Where does the verifier print its messages? I have a simple code embedded in struct bpf_insn which I load and attach as BPF_PROG_TYPE_SOCKET_FILTER type:

struct bpf_insn prog[] = {
   BPF_MOV64_REG(BPF_REG_6, BPF_REG_1),
   BPF_EXIT_INSN(),
};

This code is intentionally made wrong (R0 is not initialized before the exit). bpf_prog_load() returns EACCESS error and fails to load, which is expected, but I wanted to the verifier messages (nothing in dmesg or console).

Mark
  • 6,052
  • 8
  • 61
  • 129
  • 2
    It prints them to the verifier's log buffer. It is up to the loader to provide a buffer for the verifier to fill, and then to dump it to the console. How do you load your program? – Qeole May 05 '21 at 19:04
  • @Qeole, Yes you're right, `man bpf` is very clear about that. However it does not seem to be enough to make it work. I also took the kernel's `samples/bpf/sock_example.c` and shrunk the bpf program code to minimum, as mine, rebuilt and launched the prog -- it does return `EACCESS` but does not print any verifier messages. – Mark May 05 '21 at 20:51
  • `samples/bpf/sock_example.c` does pass a buffer to the verifier: `bpf_load_program(..., bpf_log_buf, BPF_LOG_BUF_SIZE)`. But it does not seem to _print_ the contents of that buffer when loading fails, just the `strerror(errno)`, so you don't get verfier's output. You probably just need to add something like `printf("%s", bpf_log_buf);` when `prog_fd < 0`. – Qeole May 06 '21 at 09:19

1 Answers1

3

When attempting to load an eBPF program, it is up to the loader to pass a buffer to the kernel verifier and to later print it to get the verifier's output.

The verifier will use this buffer provided by the user space program and print all its logs in it. Excepted for a very few specific messages, it will not print anything to the kernel logs or to the console (which is handled by your shell, not the kernel directly).

Let's have a look at a snippet from samples/bpf/sock_example.c, that you mentioned in the comments.

    prog_fd = bpf_load_program(BPF_PROG_TYPE_SOCKET_FILTER, prog, insns_cnt,
                   "GPL", 0, bpf_log_buf, BPF_LOG_BUF_SIZE);
    if (prog_fd < 0) {
        printf("failed to load prog '%s'\n", strerror(errno));
        goto cleanup;
    }

This is the part where we attempt to load the program. We call bpf_load_program() from libbpf, and we pass it, in this order, the program type, the instructions, the number of instructions, the license string, some flag related to kernel versions, and at last: an empty buffer and its size. The size BPF_LOG_BUF_SIZE is non-null (defined in tools/lib/bpf/bpf as (UINT32_MAX >> 8)).
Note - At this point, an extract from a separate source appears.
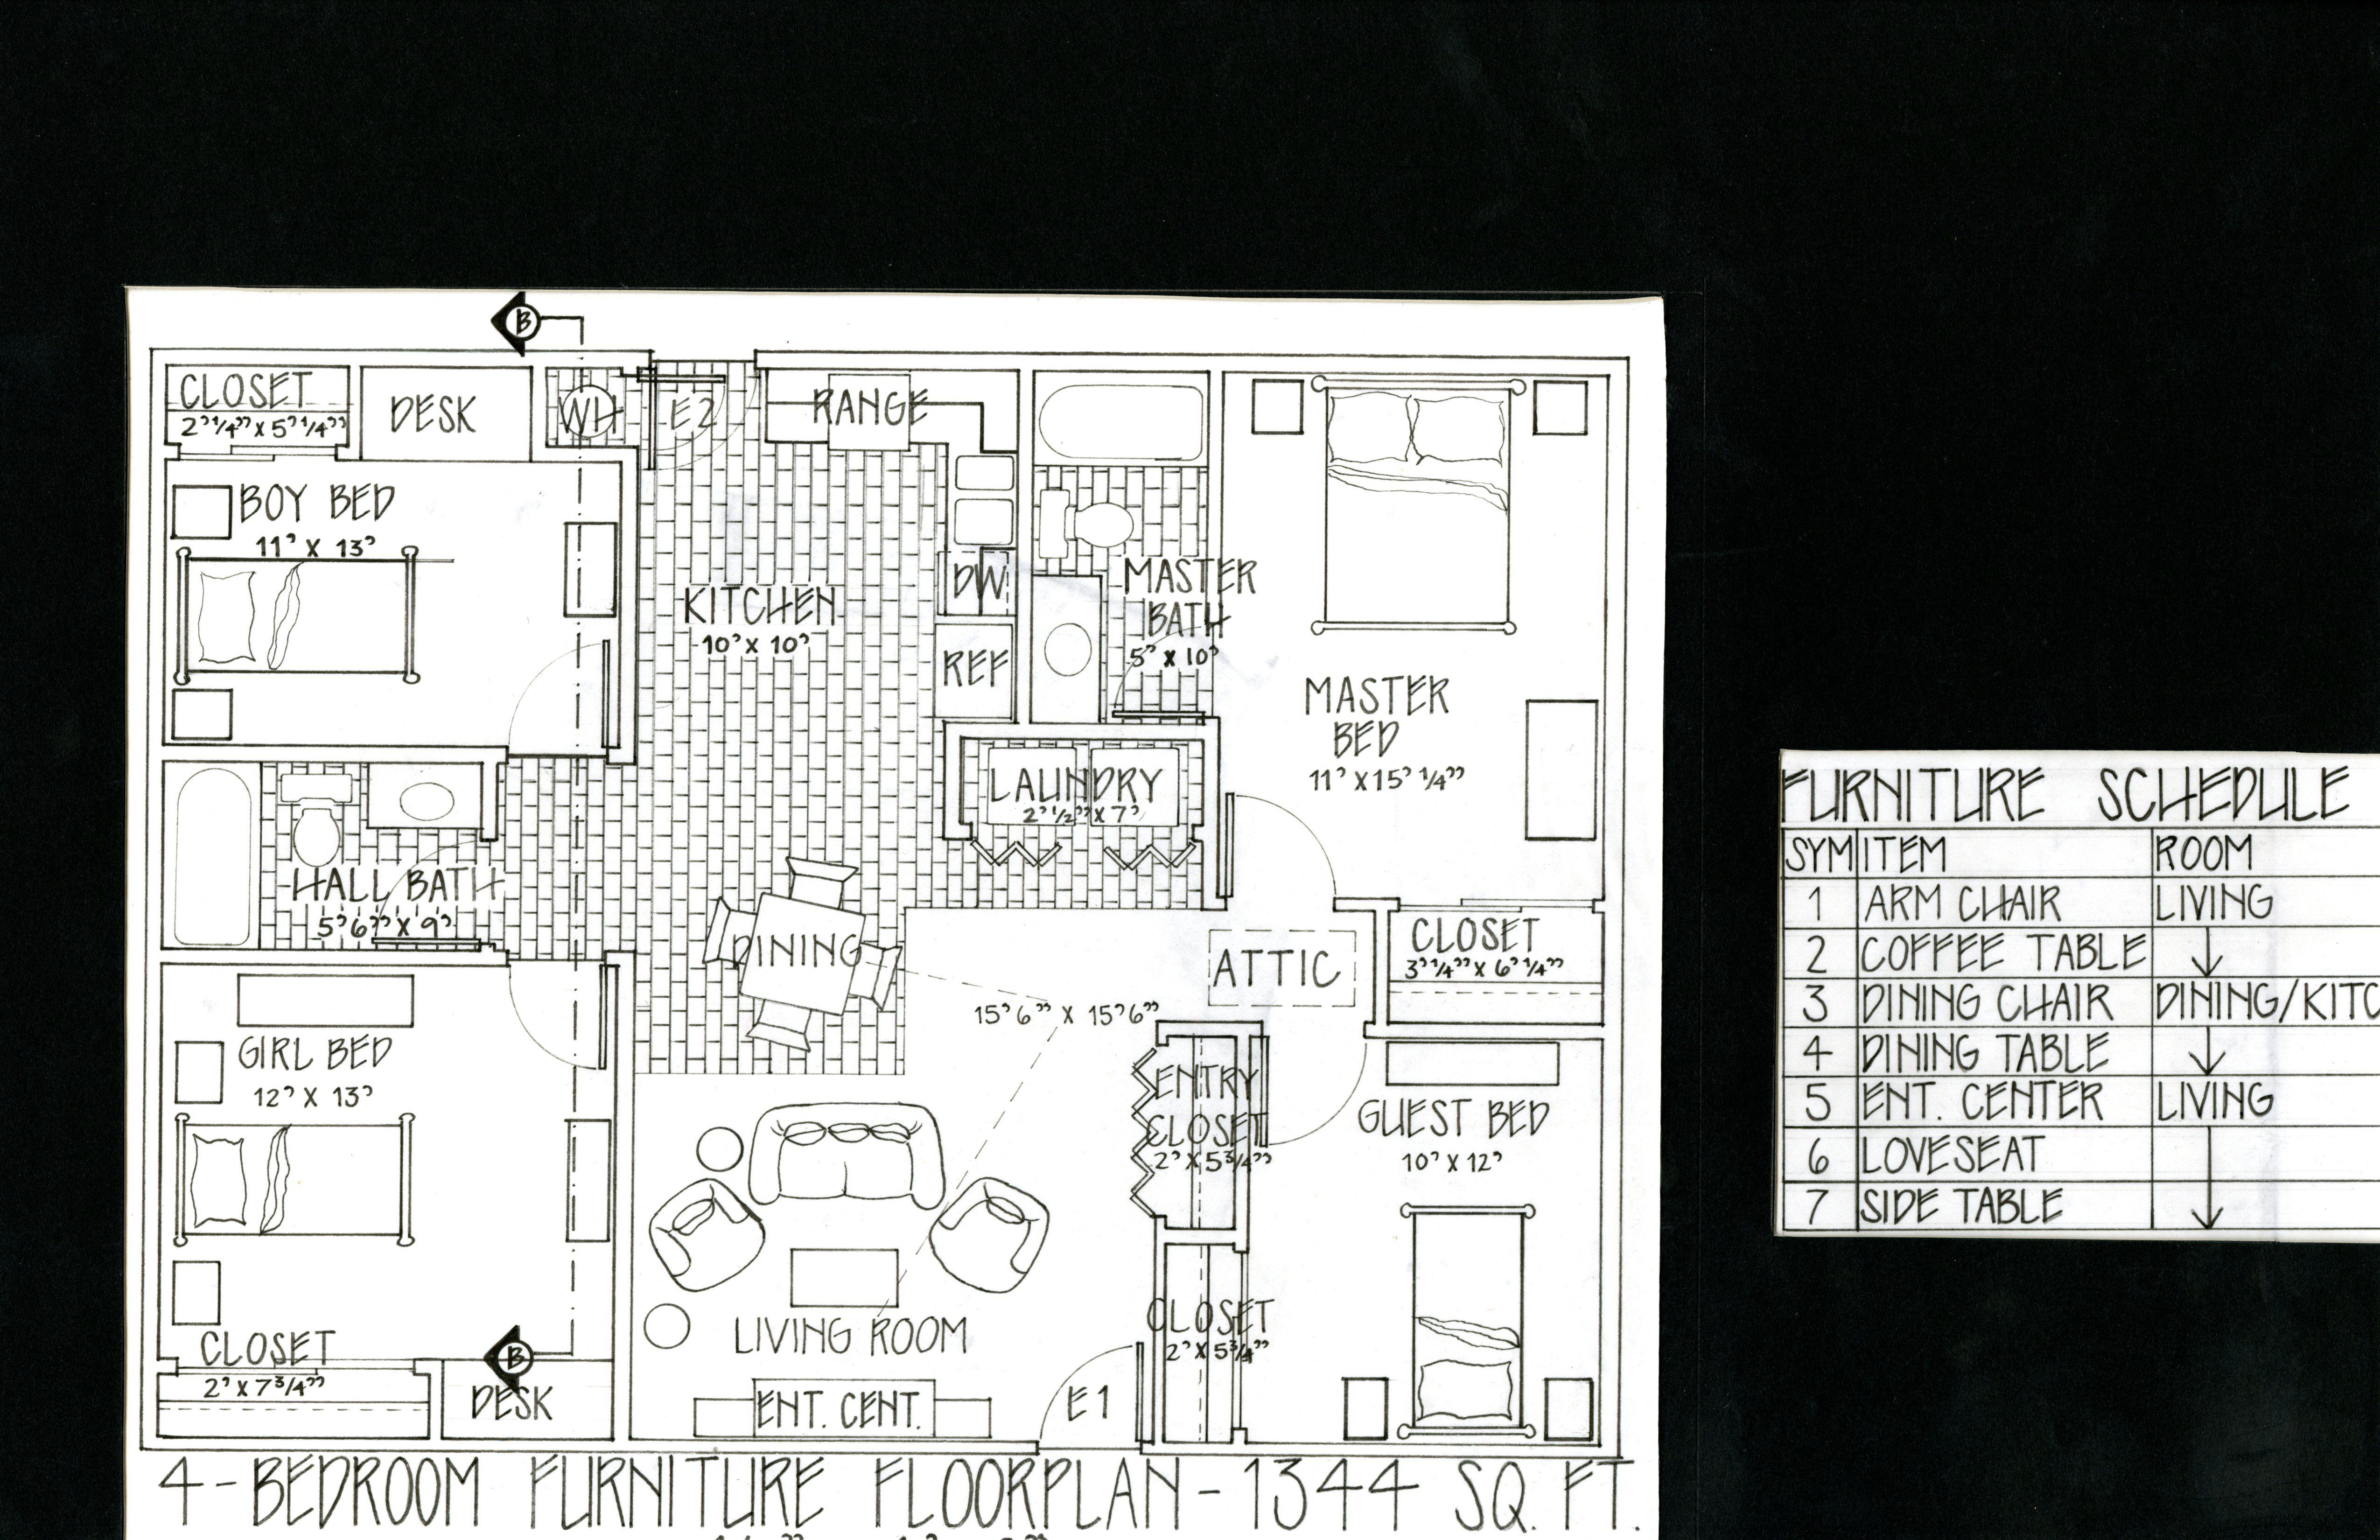 Habitat For Humanity Home Hand Drafted Floor Plan Pencil Micron Pen University Interior Design Floor Plans Habitat For Humanity

The function bpf_load_program() will pass all this information, including the pointer to the buffer, to the bpf() system call, which will attempt to load the program. The verifier will populate the buffer with logs (whether the load succeeds or not, but see note at the bottom). Then it is up to the loader program, again, to use these logs. The function bpf_load_program() is low-level, it does nothing with the verifier's logs in the buffer, even on failure to load. It leaves it to the caller to process or dump the logs. The sample application that you attempt to run does nothing either; therefore, the buffer is unused, and you don't get to see the logs in the console.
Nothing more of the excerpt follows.